Degrowth, the Book | David Bollier.
In industrialized societies, where so many people regard economic growth as the essence of human progress, the idea of deliberately rejecting growth is seen as insane. Yet that is more or less what the planet’s ecosystems are saying right now about the world economy. It’s also the message of an expanding movement, Degrowth, that is particularly strong in Europe and the global South.
A few months ago I blogged about the massive Degrowth conference in Leipzig, Germany, that attracted 3,000 people from around the world. The basic point of the discussions was how to get beyond the fetish of growth, intellectually and practically, and how to transform our idea of “the economy” so that it incorporates such important values as democracy, social well-being and ecological limits.

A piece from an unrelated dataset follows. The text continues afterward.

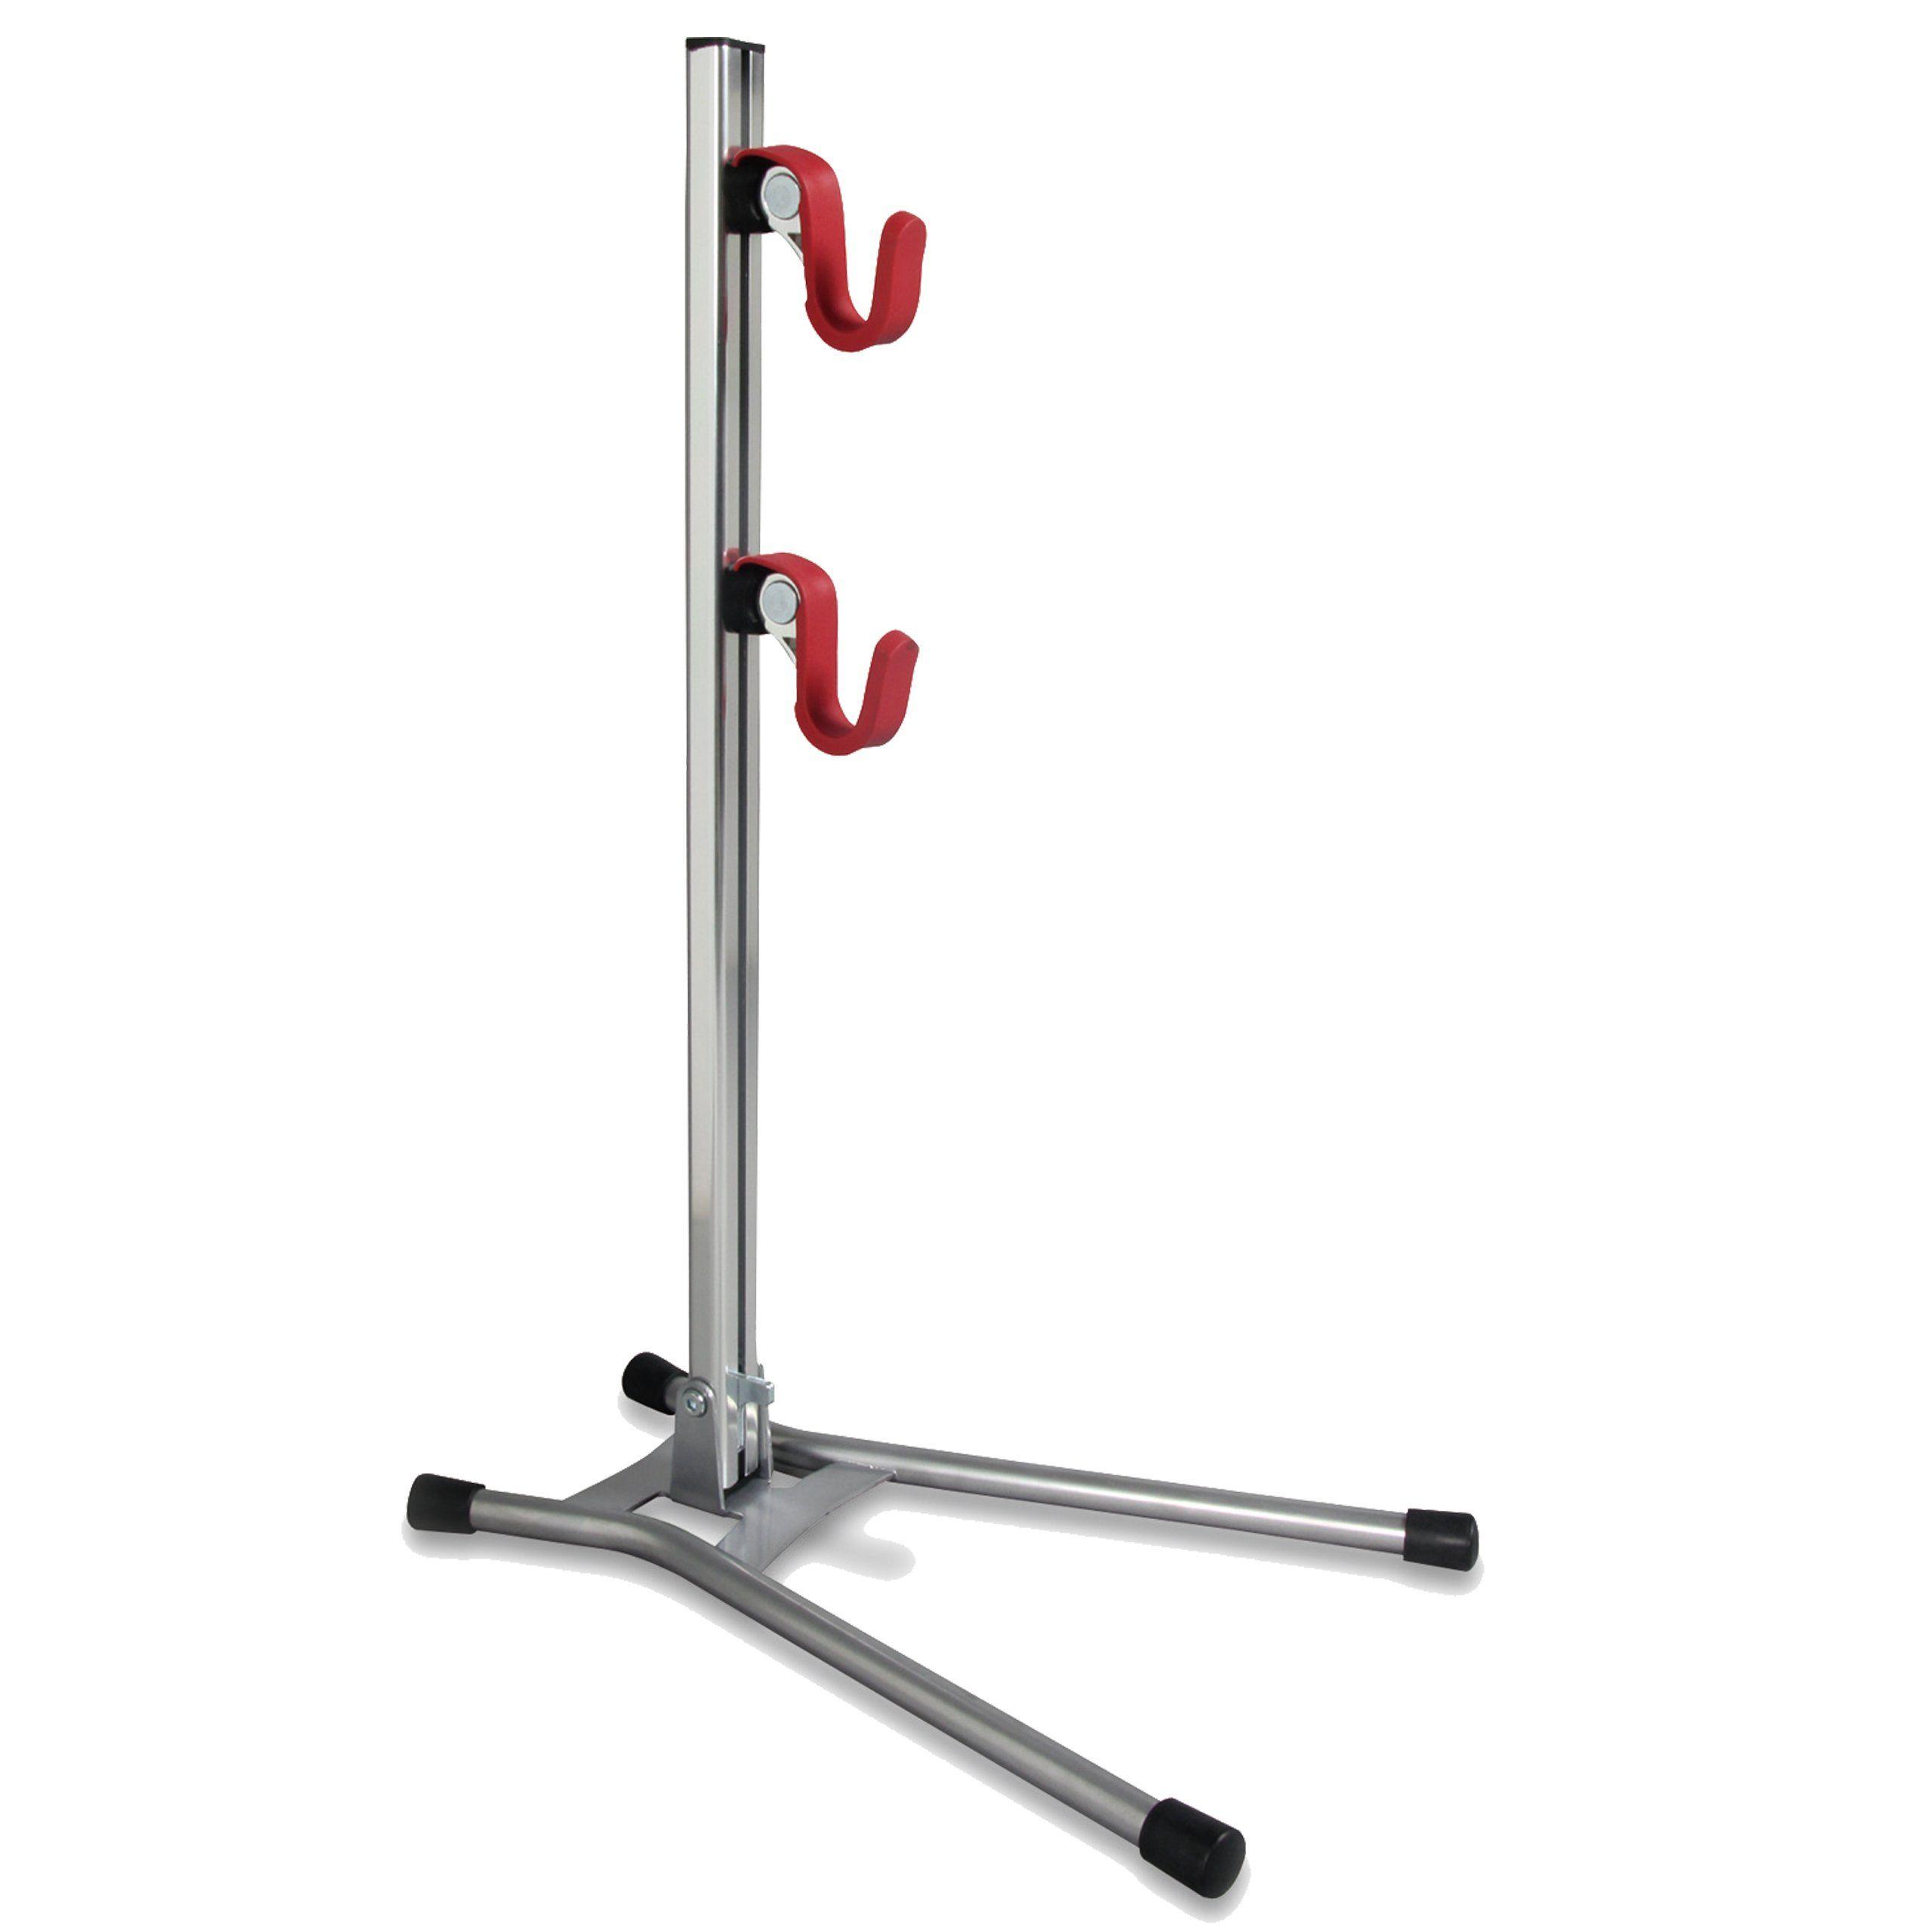 Minoura Display Stand, Silver/Red Indoor bike storage

Several of the movement’s leading figures have now released a rich anthology of essays,Degrowth: A Vocabulary for a New Era(Routledge). It is the first English language book to comprehensively survey the burgeoning literature on degrowth. More about the book onits website and an amusing three-minute video.
The editors — Giacomo D’Alisa, Federico Demaria, Giorgios Kallis – are three scholars at the Autonomous University of Barcelona, Spain, and members of the group Research & Degrowth. The editors describe degrowth as “a rejection of the illusion of growth and a call to repoliticize the public debate colonized by the idiom of economism.” The basic idea is to find new ways to achieve “the democratically-led shrinking of production and consumption with the aim of achieving social justice and ecological sustainability.”